* [Exercise goal] Reproduce the whole listing word for word. Leave every image out.

##### Dataset extract

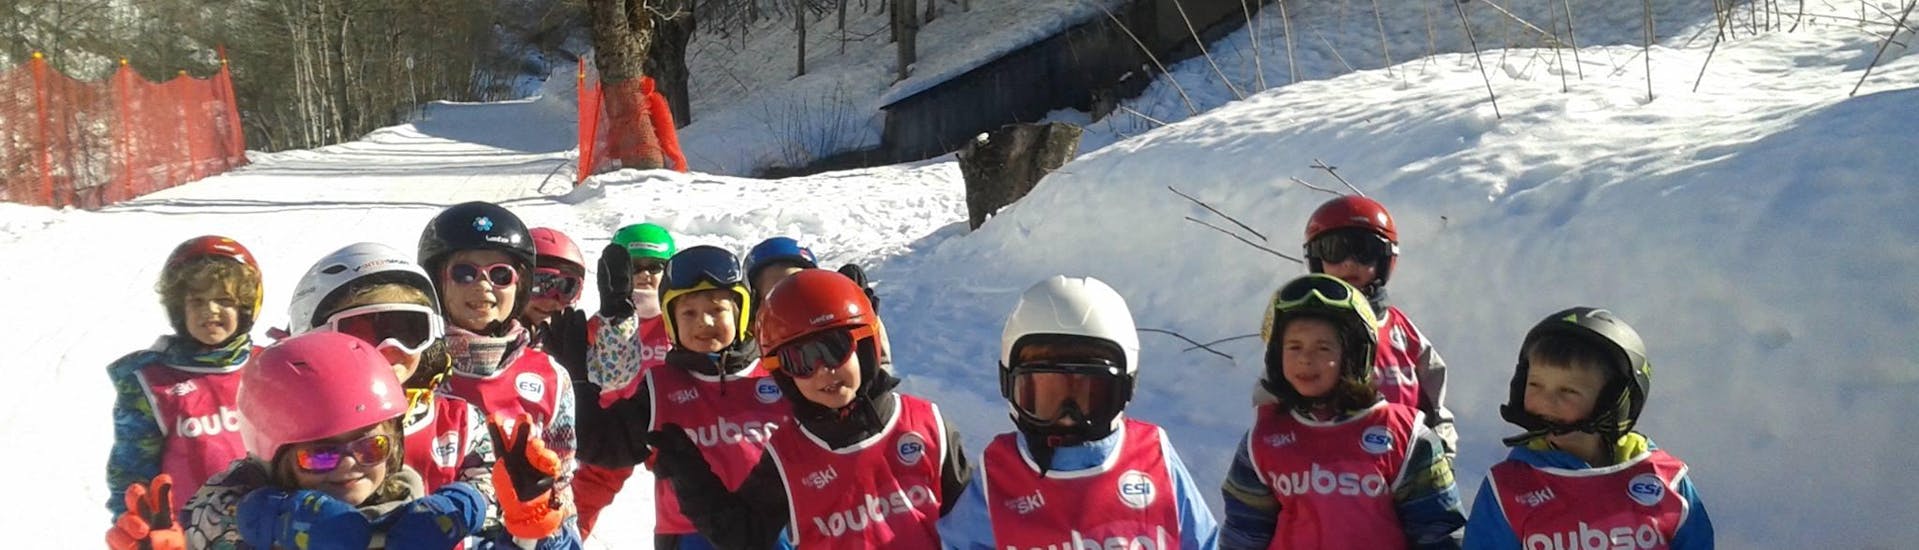 Los niños están parados en medio de las pistas durante sus clases de esquí para niños (5-15 años) - Mañana con la escuela de esquí ESI Ecoloski Barèges.
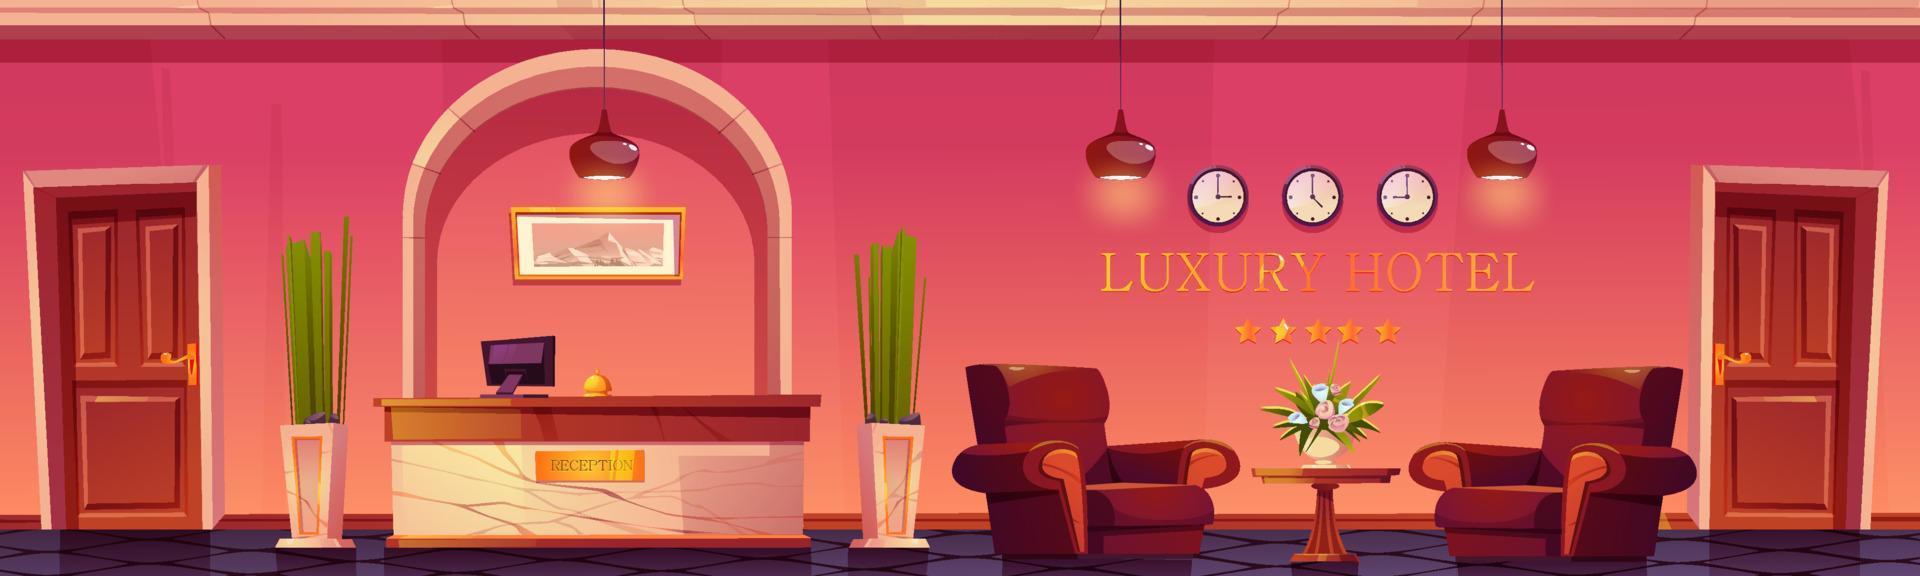 lyx hotell lobby med reception skrivbord och blommor vektor
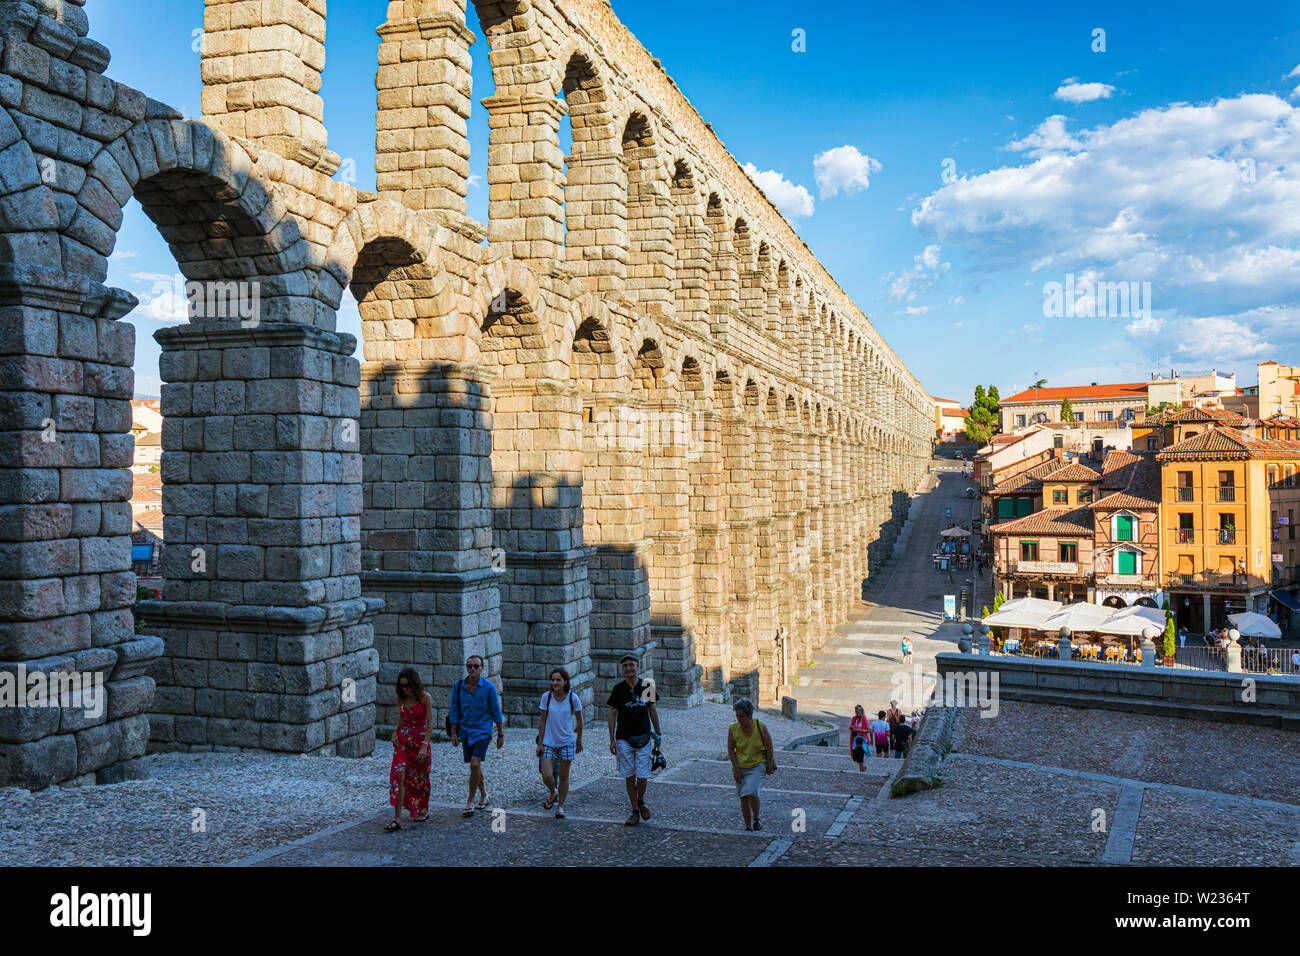 Segovia, provincia de Segovia, Castilla y León, España. El Acueducto Romano en la Plaza del Azoguejo que data desde el primer o segundo siglo DC. El viejo remolque Foto de stock

##########

* [Output for this exercise]
 Los niños están parados en medio de las pistas durante sus clases de esquí para niños (5-15 años) - Mañana con la escuela de esquí ESI Ecoloski Barèges.
 lyx hotell lobby med reception skrivbord och blommor vektor
 Segovia, provincia de Segovia, Castilla y León, España. El Acueducto Romano en la Plaza del Azoguejo que data desde el primer o segundo siglo DC. El viejo remolque Foto de stock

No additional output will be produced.